_WORK TASK:_
No pictures go in the copy. Restate, word for word, each line from the one containing "Moledo valoriza vitória" through the last line below.

_COLLECTED DATA:_

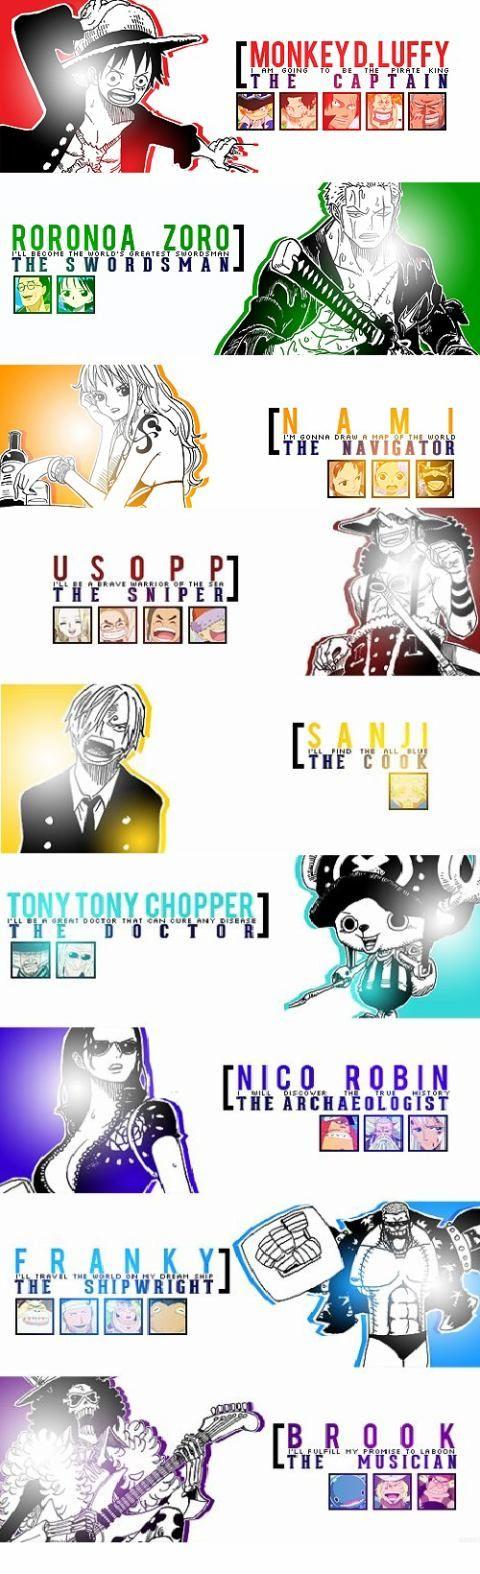 Their roles/Luffy,Zoro,Nami, Usopp,Sanji,Chopper,Robin, Franky,Brook/One piece
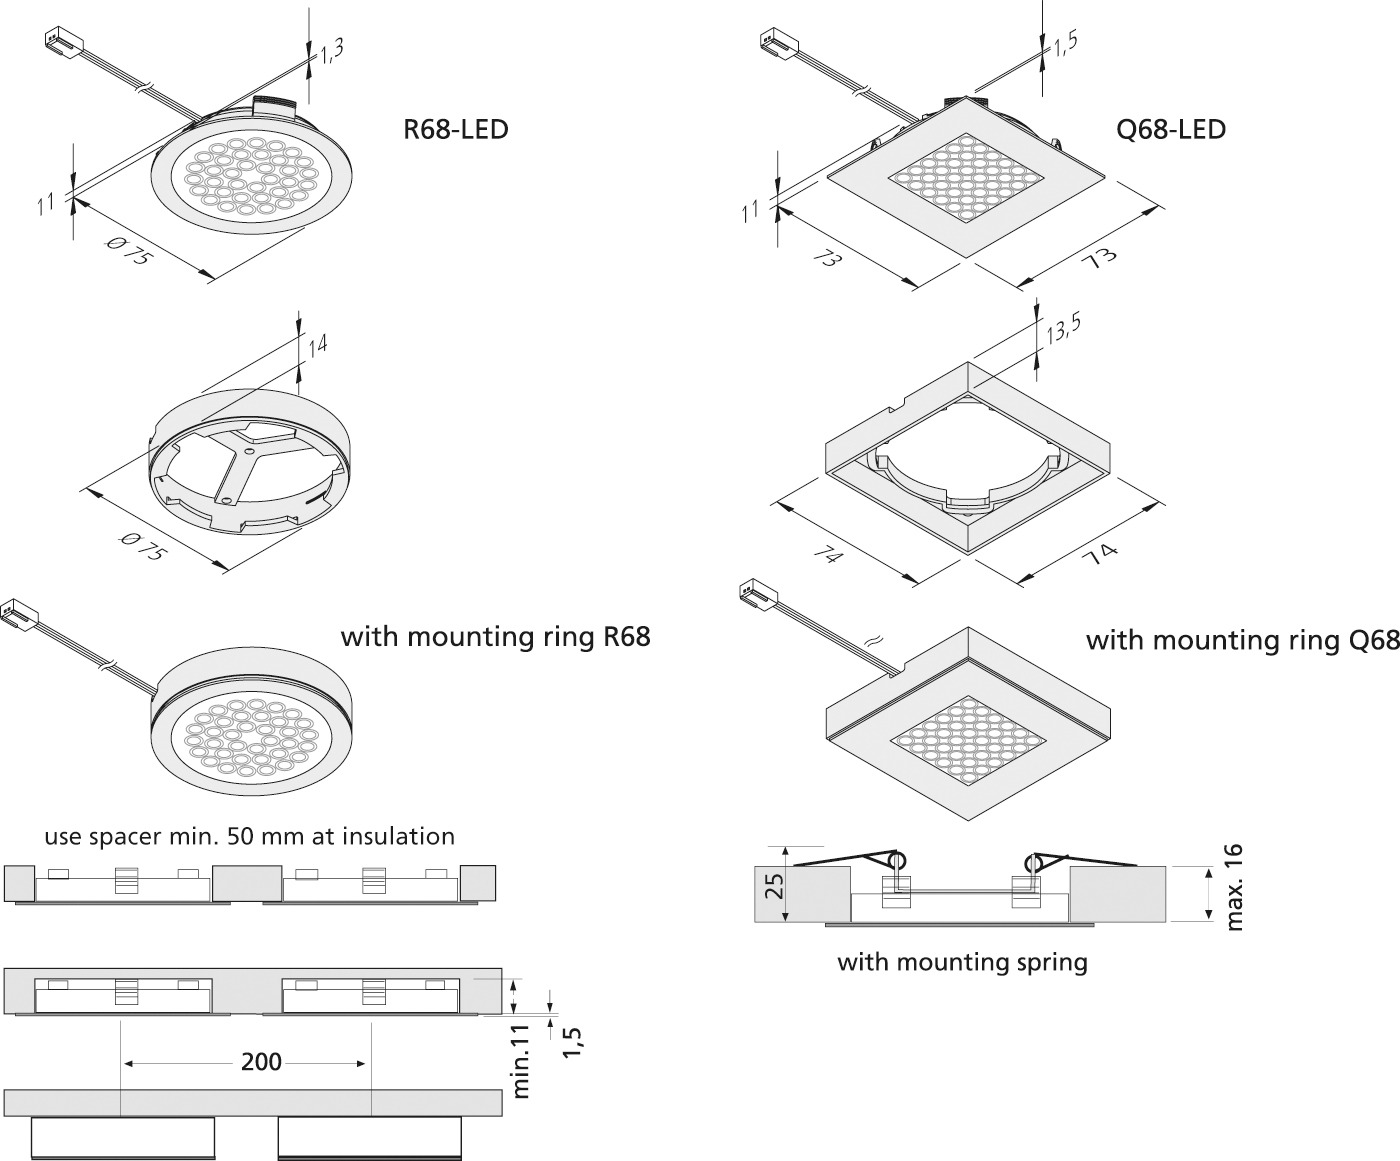 Preview: R68-LED-_-Q68-LED_en
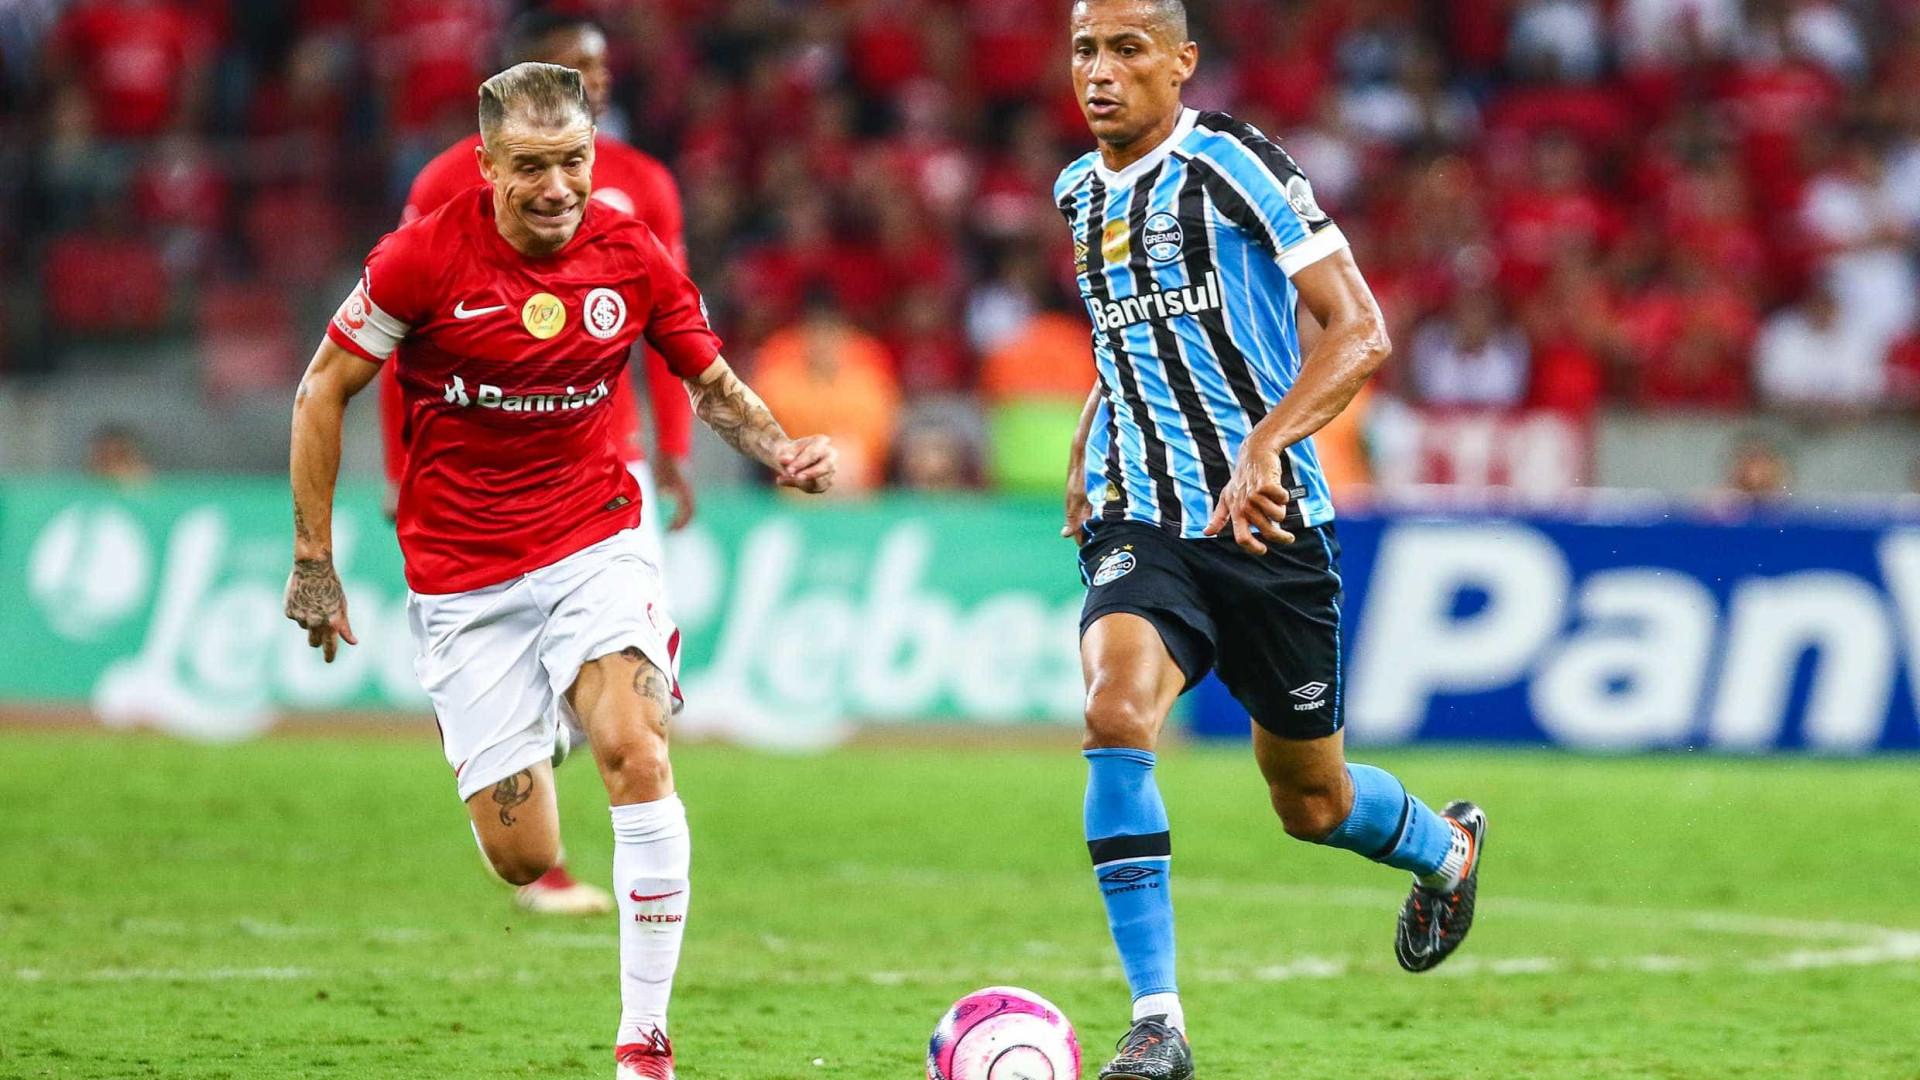 Moledo valoriza vitória na estreia:
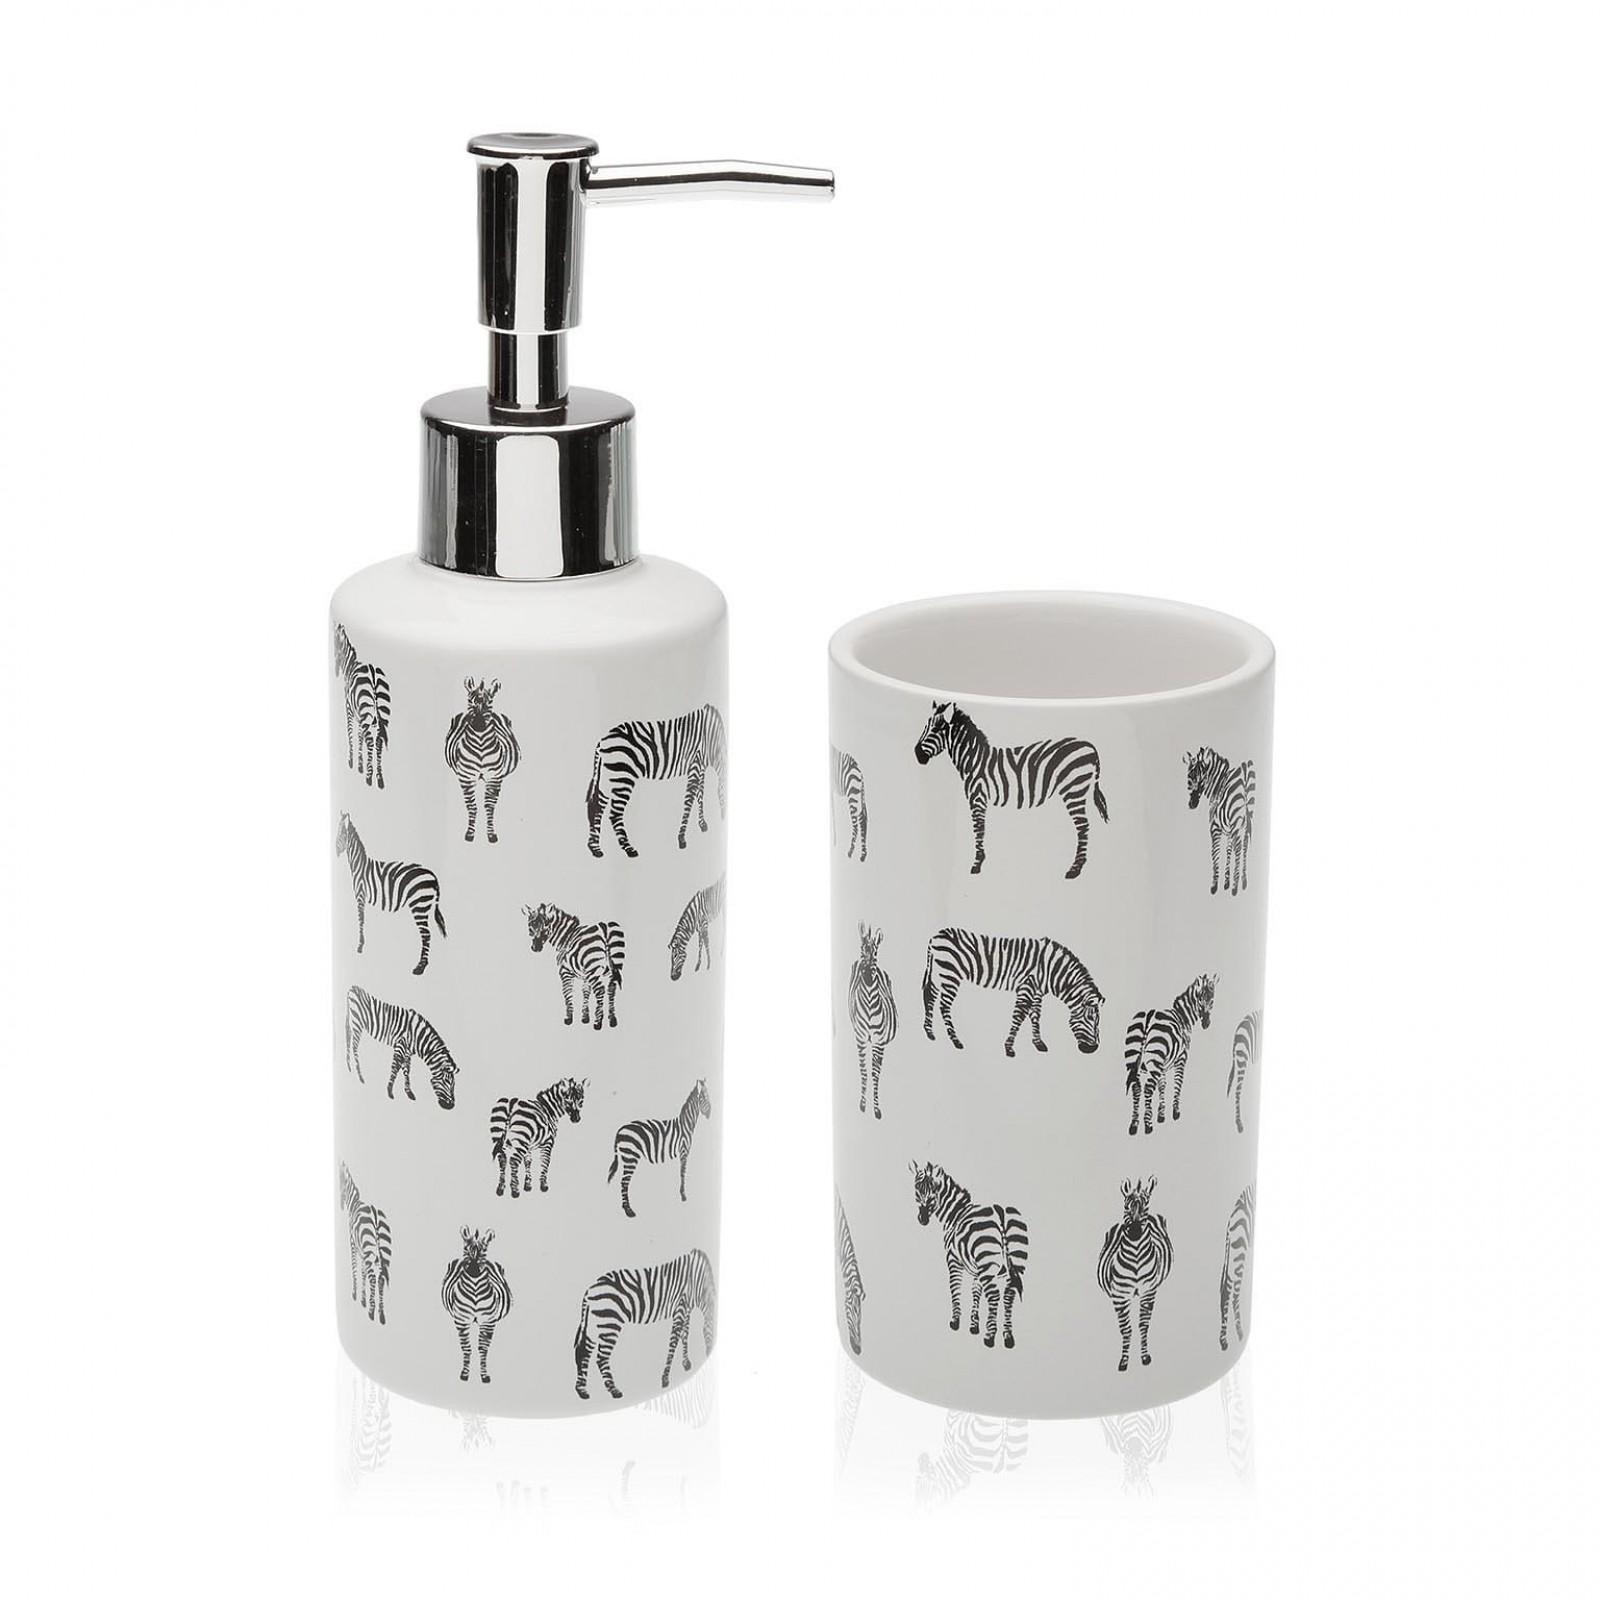 Zebra Soap Dispenser & Tumbler Set (Ceramic) - Versa

_OUTPUT:_
 Moledo valoriza vitória na estreia:
 Zebra Soap Dispenser & Tumbler Set (Ceramic) - Versa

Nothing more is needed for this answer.